This further leads to questions about how systems directly adapt to use this
process, or if it is just a byproduct of evolution. One might ask, however, if nature
strived to detect subthreshold signals, than why not make the threshold lower? We can’t
forget that noise isn’t something new; nature has evolved in the presence of noise and
thus sought to benefit from the start. By utilizing the energy that is already present
within the background, the system does not need to build a more robust and perhaps less
efficient detection system.
Nature will always follow the path of least resistance.
Counter-intuitively noise, usually thought of as a hindrance or resistance, and may
actually provide the more energetically favorable route.

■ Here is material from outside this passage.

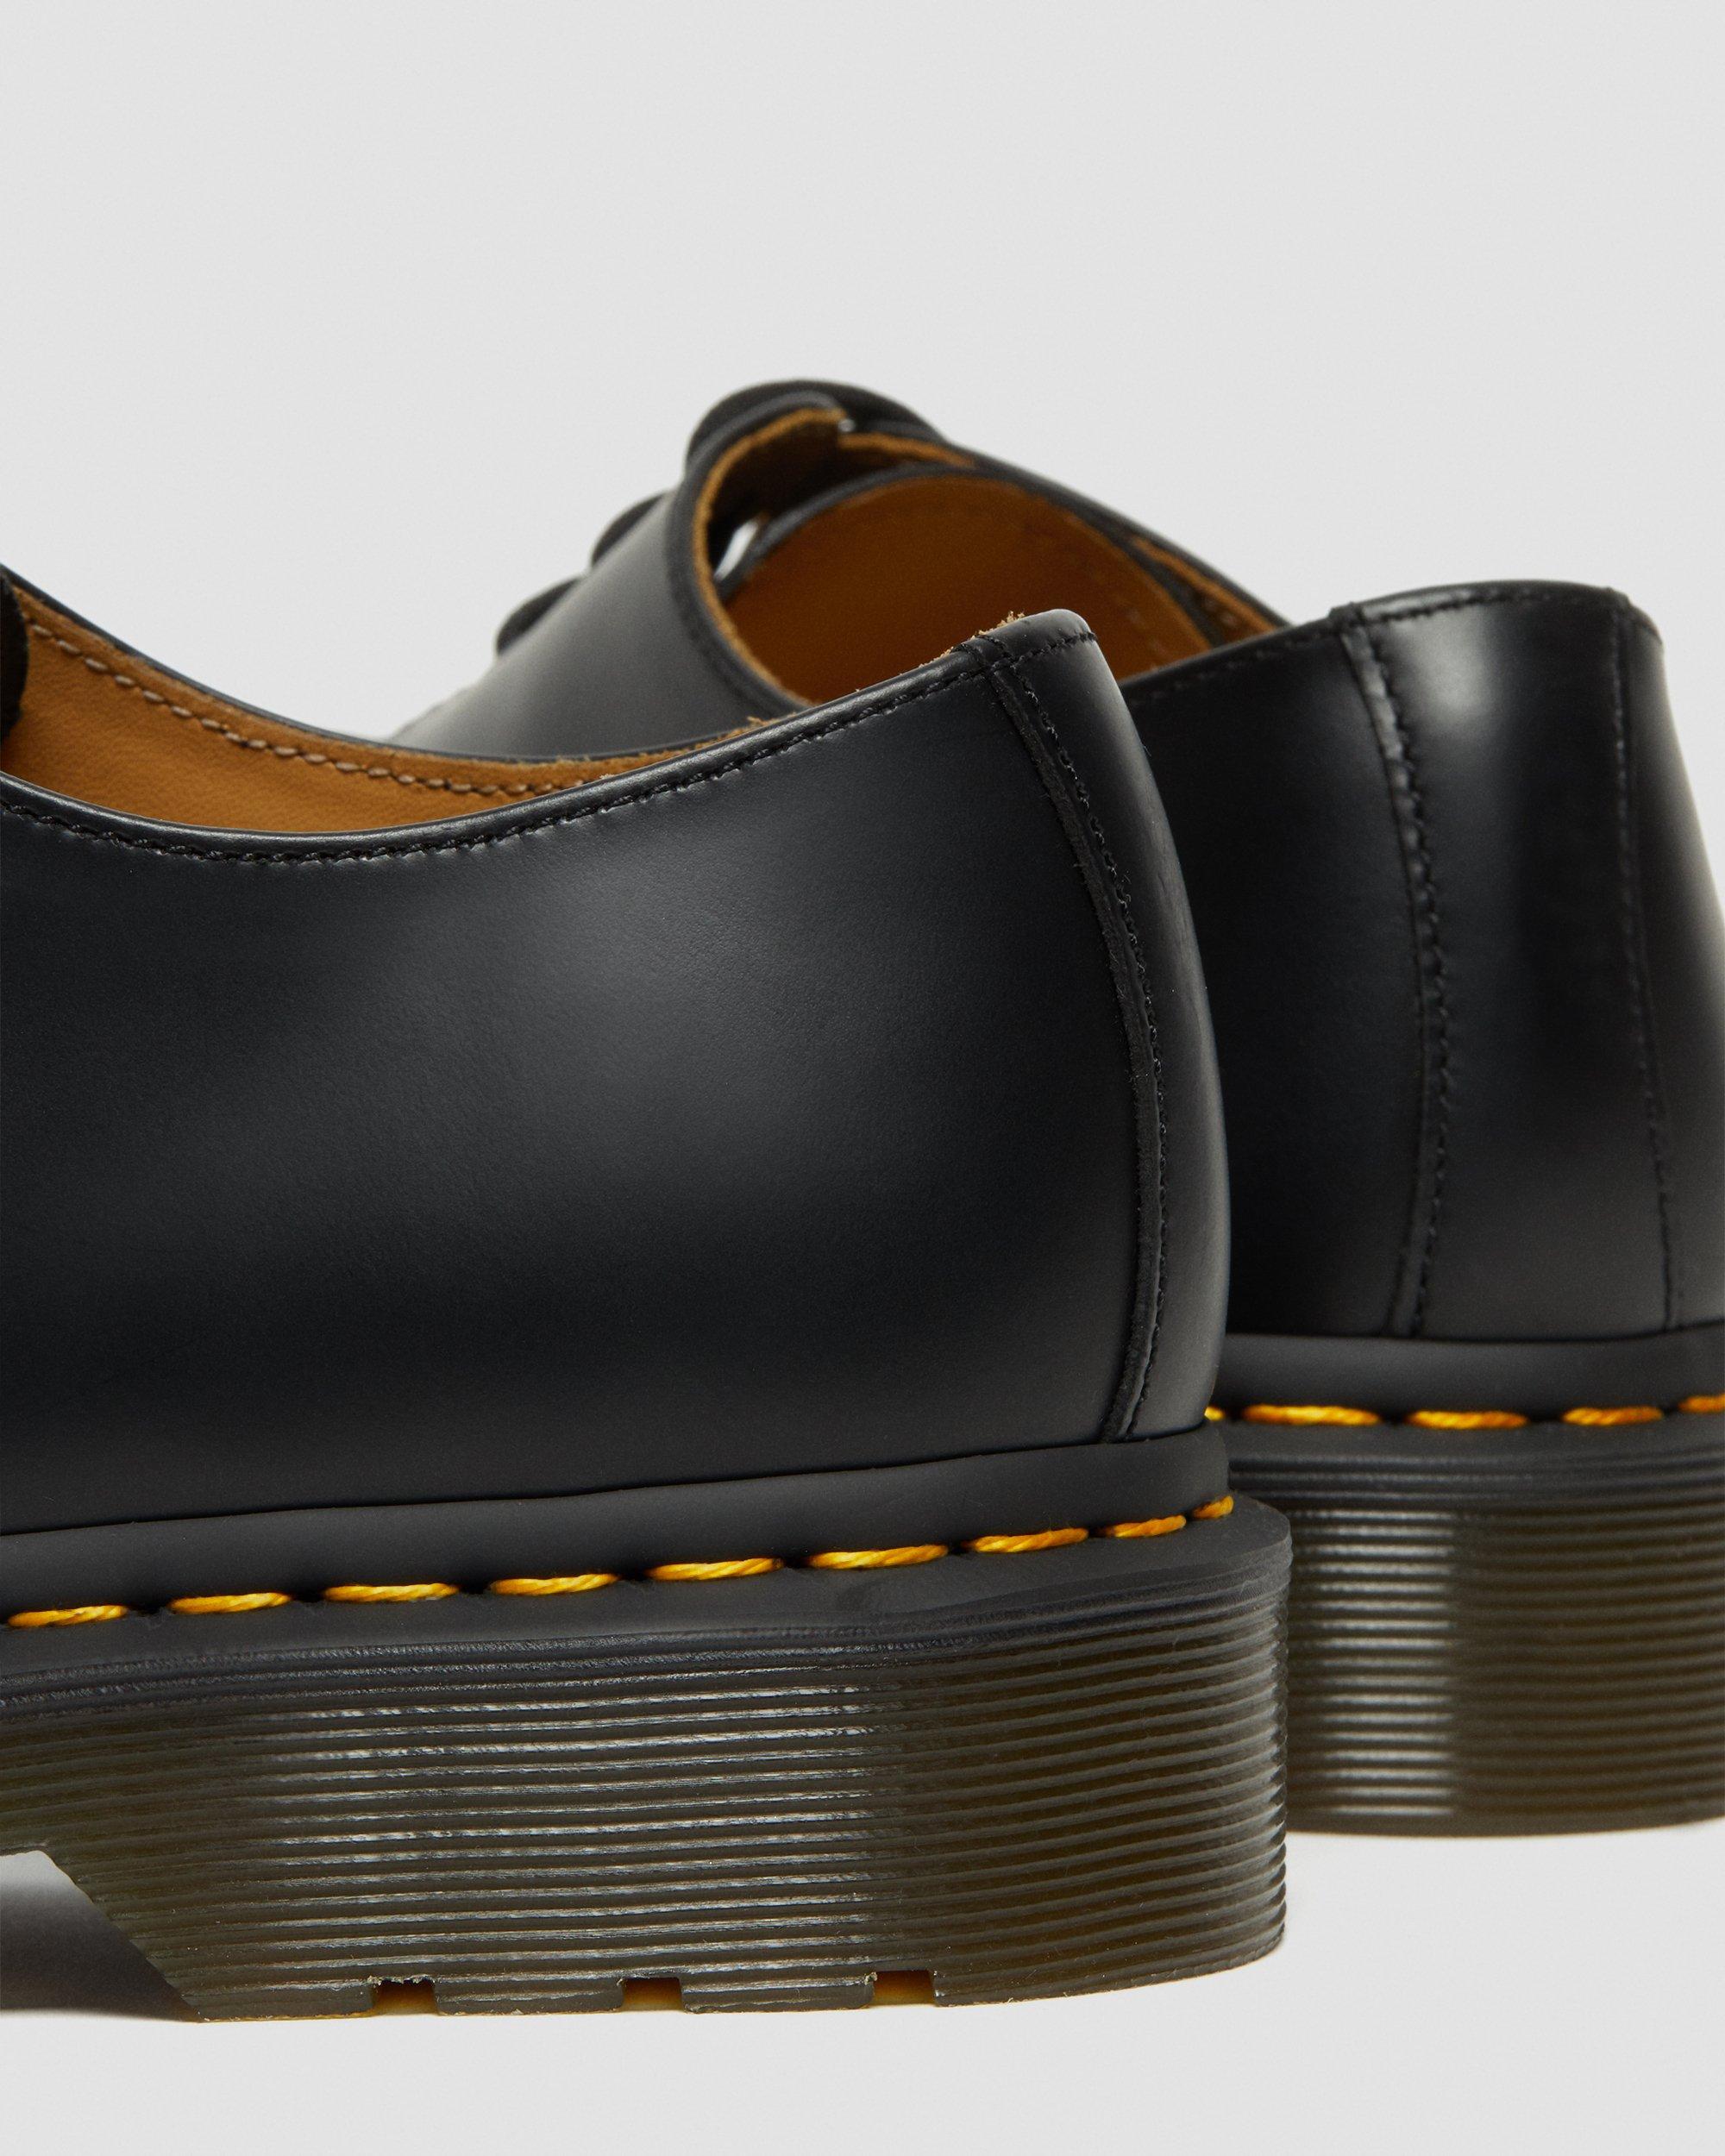 https://i1.adis.ws/i/drmartens/10111001.88.jpg?$large$1925 Leather Oxford Shoes Dr. Martens

A new hypothesis has emerged known as the Living Matter Way (LMW) which
theorizes that the complexity of information is key to biological communication, and that
noise is the vehicle through which this complex information is transferred (West &
Grigolini, 2010). This theory revolves around the production and transmission of 1/f
noise, a spectrum of noise discovered by Schottky in electrical devices. This form of
noise is inherent in all sorts of process from biological to economic. What arises through
this analysis is the idea of high densities of information being encoded in a low energy
system. It is interesting to suddenly hear a mention of energy in this sort of context. In
all of the preceding experiments the quest was always to determine the relationships of
input and output information, but there was no mention as to the energy that may also be
transferred in this process. Investigations into this aspect of the process will inevitable
conjure up discussion on the entropy rates associated with stochastic resonance
amplification and rectification.
Stochastic resonance not only sheds light on the complex functioning of the
nervous system, but also begins to pave the way for greater understanding of the
fundamentals of information transfer and the values of noise in our natural paradigm.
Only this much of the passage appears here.